We have seen strings as a sequence of characters stored in double quotes, e.g., "hello!". In C, a string is nothing more than just an array of char values (Recall from Unit 5 that sizeof char is 1).

Just a char Array

The only thing special about a string is that it always end with a 0 value (note: not character '0' which has a value of 48, but the value 0). Since the character with value 0 is called the null character, written as '\0', we refer that strings in C as null-terminated strings.

In C, we distinguish between a string and a char by the quotes used. String uses double quotes ", while a char uses single quote '. So we can do the following and they are equivalent:

char hello1[7] = {'h', 'e', 'l', 'l', 'o', '!', 0}; 
char hello2[7] = "hello!";

Of course, nobody actually initializes a string in the first way above.

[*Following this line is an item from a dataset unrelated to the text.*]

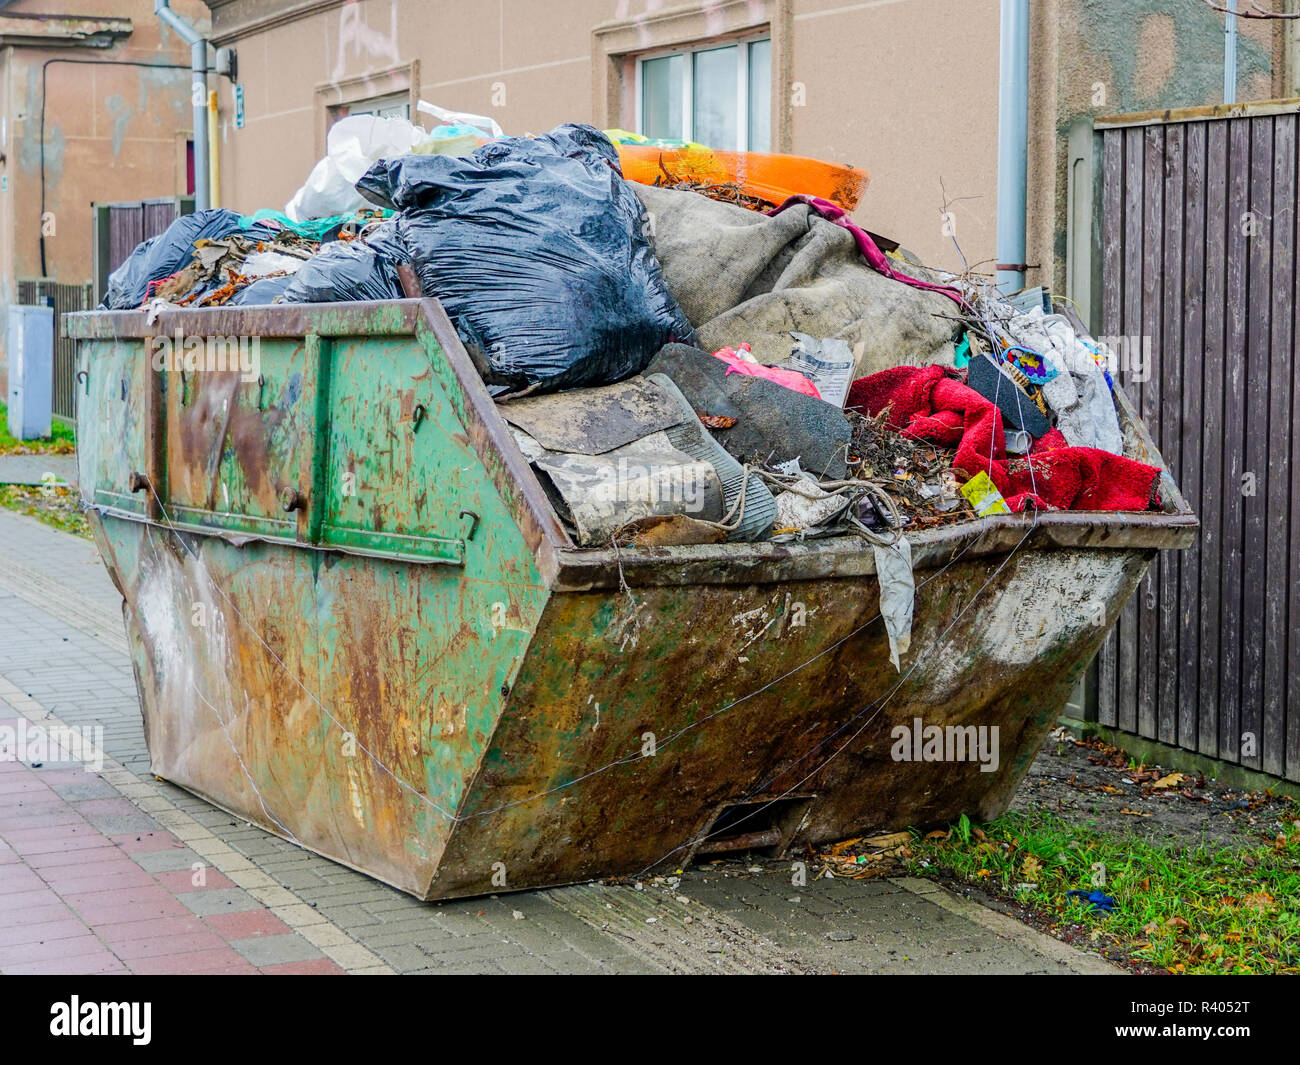 Un grand récipient en métal sale sur la rue de la ville, plein de déchets  Photo Stock - Alamy

We can also skip the size of the array, as mentioned above, or, more commonly, use a char * type for a variable storing a constant string.

char hello3[] = "hello!";
char *hello4 = "hello!";

Special Characters

The null character is written as '\0'. The use of the backslash \ creates an escape sequence that can be used to denote characters that would otherwise not visible on screen. For instance, besides '\0', we will likely encounter '\n' (the newline character) '\t' (the tab character) and '\a' (the beep character) regularly.

Furthermore, since we already use \ to indicate the escape sequence, ' to indicate a character, and " to indicate a string, in order to use these characters, we need to "escape" them -- we use '\' for the backslash character, '\'', the single quote character, and the '\"' double quote character.

String Literals

A string literal refers to a string written between two " characters, such as "Hello world!". Such a string are still internally stored as an array of char values. The location these arrays are stored depend on the platform, but usually they are stored in a read only region of the memory called the text region. These strings are not meant to be modified. Hence, trying something like this:

char *str1 = "Hello!";
str1[5] = '.';

is not allowed and would crash your program.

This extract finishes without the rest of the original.